• _Task_
There is one span to output from the data below: the lines starting at the line with "2. XIV съезд" and ending at the line with "Eye Mask Travel". Output it exactly, ends included, nothing more.

• _Stored data_
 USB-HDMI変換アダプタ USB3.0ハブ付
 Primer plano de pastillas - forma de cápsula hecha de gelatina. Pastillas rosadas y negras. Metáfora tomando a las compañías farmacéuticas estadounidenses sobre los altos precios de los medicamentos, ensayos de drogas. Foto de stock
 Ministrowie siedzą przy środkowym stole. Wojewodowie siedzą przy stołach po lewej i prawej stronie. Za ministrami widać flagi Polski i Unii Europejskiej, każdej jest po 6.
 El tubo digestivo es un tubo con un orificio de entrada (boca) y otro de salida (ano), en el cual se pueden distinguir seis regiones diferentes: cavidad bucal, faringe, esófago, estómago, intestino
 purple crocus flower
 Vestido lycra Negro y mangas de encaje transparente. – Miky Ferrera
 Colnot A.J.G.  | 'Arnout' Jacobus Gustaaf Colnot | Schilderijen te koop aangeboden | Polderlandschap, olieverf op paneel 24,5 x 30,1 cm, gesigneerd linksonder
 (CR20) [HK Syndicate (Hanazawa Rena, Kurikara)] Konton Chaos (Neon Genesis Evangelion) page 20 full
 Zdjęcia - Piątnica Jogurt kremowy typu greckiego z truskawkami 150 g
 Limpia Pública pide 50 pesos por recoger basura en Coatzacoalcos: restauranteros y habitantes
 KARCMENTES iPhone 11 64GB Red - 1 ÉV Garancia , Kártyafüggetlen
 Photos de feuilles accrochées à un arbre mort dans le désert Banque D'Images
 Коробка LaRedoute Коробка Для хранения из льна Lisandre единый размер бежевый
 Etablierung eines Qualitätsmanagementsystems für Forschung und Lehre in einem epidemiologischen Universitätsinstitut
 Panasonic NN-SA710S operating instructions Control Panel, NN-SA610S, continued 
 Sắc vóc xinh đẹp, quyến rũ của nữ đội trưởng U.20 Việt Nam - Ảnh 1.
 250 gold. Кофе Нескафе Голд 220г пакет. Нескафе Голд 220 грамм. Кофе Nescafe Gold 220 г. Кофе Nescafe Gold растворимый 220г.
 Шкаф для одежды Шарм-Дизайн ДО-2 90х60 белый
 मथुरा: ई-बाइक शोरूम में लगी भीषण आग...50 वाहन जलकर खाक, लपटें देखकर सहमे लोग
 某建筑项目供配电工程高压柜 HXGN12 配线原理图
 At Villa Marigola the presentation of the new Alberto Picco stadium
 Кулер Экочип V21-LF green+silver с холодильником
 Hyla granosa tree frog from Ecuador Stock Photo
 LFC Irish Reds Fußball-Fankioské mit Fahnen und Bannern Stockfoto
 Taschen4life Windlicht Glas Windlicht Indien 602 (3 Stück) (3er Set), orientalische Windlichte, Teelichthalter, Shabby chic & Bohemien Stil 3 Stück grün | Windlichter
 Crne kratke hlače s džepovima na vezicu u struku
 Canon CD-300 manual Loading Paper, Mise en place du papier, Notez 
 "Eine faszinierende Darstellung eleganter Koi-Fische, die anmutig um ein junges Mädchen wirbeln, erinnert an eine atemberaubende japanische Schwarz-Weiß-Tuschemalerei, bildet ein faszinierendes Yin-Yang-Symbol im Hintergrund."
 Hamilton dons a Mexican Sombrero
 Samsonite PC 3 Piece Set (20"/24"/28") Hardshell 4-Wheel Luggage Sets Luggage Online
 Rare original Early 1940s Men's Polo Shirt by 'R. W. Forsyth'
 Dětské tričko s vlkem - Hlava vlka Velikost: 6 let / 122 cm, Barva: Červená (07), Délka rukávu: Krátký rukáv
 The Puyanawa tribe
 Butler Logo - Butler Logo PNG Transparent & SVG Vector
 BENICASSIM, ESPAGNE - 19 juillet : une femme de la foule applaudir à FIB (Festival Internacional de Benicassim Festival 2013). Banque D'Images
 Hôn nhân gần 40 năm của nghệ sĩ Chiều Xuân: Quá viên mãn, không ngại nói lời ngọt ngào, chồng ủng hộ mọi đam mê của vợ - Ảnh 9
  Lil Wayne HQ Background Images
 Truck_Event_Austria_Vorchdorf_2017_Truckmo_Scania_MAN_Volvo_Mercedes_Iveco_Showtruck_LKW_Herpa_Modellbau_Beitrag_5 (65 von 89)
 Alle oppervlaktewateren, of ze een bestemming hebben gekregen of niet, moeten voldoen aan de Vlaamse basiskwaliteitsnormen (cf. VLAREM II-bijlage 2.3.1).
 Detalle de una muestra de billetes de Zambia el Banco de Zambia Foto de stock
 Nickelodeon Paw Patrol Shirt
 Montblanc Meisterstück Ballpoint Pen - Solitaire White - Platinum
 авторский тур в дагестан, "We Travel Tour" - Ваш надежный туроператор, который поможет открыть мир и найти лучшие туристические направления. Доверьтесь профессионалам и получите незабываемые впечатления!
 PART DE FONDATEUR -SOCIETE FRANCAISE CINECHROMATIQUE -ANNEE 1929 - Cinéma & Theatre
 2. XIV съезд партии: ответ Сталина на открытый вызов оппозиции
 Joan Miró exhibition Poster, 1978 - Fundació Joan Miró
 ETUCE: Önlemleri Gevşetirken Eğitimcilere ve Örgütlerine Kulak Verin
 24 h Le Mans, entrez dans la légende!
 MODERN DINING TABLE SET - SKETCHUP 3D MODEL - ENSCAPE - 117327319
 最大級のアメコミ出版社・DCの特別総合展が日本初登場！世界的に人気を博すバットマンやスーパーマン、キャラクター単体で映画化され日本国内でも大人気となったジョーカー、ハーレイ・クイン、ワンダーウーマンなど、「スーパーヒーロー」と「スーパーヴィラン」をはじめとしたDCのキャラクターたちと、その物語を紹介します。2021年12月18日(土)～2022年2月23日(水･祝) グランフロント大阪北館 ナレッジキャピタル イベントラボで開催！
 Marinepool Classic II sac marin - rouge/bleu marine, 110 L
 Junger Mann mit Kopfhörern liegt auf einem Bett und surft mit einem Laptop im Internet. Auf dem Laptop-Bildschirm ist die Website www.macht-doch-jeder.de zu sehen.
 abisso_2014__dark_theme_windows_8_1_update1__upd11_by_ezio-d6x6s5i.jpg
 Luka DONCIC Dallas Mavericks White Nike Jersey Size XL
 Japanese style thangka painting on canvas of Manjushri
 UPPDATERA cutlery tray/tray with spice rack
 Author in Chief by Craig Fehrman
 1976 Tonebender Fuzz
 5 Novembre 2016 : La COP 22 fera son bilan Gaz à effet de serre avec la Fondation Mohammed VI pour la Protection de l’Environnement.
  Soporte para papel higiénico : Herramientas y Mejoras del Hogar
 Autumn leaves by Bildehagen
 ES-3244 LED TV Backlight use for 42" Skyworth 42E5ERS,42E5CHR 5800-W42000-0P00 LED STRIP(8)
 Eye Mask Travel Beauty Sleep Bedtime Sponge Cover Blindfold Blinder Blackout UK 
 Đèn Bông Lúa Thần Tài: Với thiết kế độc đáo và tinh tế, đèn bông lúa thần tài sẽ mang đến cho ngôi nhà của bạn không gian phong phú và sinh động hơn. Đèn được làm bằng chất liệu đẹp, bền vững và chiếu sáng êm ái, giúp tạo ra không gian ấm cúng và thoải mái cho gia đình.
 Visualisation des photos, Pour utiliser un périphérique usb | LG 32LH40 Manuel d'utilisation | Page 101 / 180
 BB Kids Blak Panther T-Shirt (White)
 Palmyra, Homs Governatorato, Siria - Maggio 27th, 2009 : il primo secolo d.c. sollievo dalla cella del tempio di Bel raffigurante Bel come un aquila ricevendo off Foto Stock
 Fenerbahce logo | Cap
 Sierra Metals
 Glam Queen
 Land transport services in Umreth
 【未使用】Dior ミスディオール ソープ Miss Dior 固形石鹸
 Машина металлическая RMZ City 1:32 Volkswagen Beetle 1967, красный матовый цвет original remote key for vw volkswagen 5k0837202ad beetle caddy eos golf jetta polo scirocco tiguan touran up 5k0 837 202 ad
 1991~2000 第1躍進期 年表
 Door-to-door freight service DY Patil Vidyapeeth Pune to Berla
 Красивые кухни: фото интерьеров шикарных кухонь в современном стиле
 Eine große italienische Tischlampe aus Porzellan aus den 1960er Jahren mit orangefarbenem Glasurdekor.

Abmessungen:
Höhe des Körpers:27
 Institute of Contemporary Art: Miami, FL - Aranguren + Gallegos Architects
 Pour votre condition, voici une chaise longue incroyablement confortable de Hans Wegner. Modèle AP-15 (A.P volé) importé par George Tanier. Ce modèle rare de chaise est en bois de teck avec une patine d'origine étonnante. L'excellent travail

• _Output below_
 2. XIV съезд партии: ответ Сталина на открытый вызов оппозиции
 Joan Miró exhibition Poster, 1978 - Fundació Joan Miró
 ETUCE: Önlemleri Gevşetirken Eğitimcilere ve Örgütlerine Kulak Verin
 24 h Le Mans, entrez dans la légende!
 MODERN DINING TABLE SET - SKETCHUP 3D MODEL - ENSCAPE - 117327319
 最大級のアメコミ出版社・DCの特別総合展が日本初登場！世界的に人気を博すバットマンやスーパーマン、キャラクター単体で映画化され日本国内でも大人気となったジョーカー、ハーレイ・クイン、ワンダーウーマンなど、「スーパーヒーロー」と「スーパーヴィラン」をはじめとしたDCのキャラクターたちと、その物語を紹介します。2021年12月18日(土)～2022年2月23日(水･祝) グランフロント大阪北館 ナレッジキャピタル イベントラボで開催！
 Marinepool Classic II sac marin - rouge/bleu marine, 110 L
 Junger Mann mit Kopfhörern liegt auf einem Bett und surft mit einem Laptop im Internet. Auf dem Laptop-Bildschirm ist die Website www.macht-doch-jeder.de zu sehen.
 abisso_2014__dark_theme_windows_8_1_update1__upd11_by_ezio-d6x6s5i.jpg
 Luka DONCIC Dallas Mavericks White Nike Jersey Size XL
 Japanese style thangka painting on canvas of Manjushri
 UPPDATERA cutlery tray/tray with spice rack
 Author in Chief by Craig Fehrman
 1976 Tonebender Fuzz
 5 Novembre 2016 : La COP 22 fera son bilan Gaz à effet de serre avec la Fondation Mohammed VI pour la Protection de l’Environnement.
  Soporte para papel higiénico : Herramientas y Mejoras del Hogar
 Autumn leaves by Bildehagen
 ES-3244 LED TV Backlight use for 42" Skyworth 42E5ERS,42E5CHR 5800-W42000-0P00 LED STRIP(8)
 Eye Mask Travel Beauty Sleep Bedtime Sponge Cover Blindfold Blinder Blackout UK 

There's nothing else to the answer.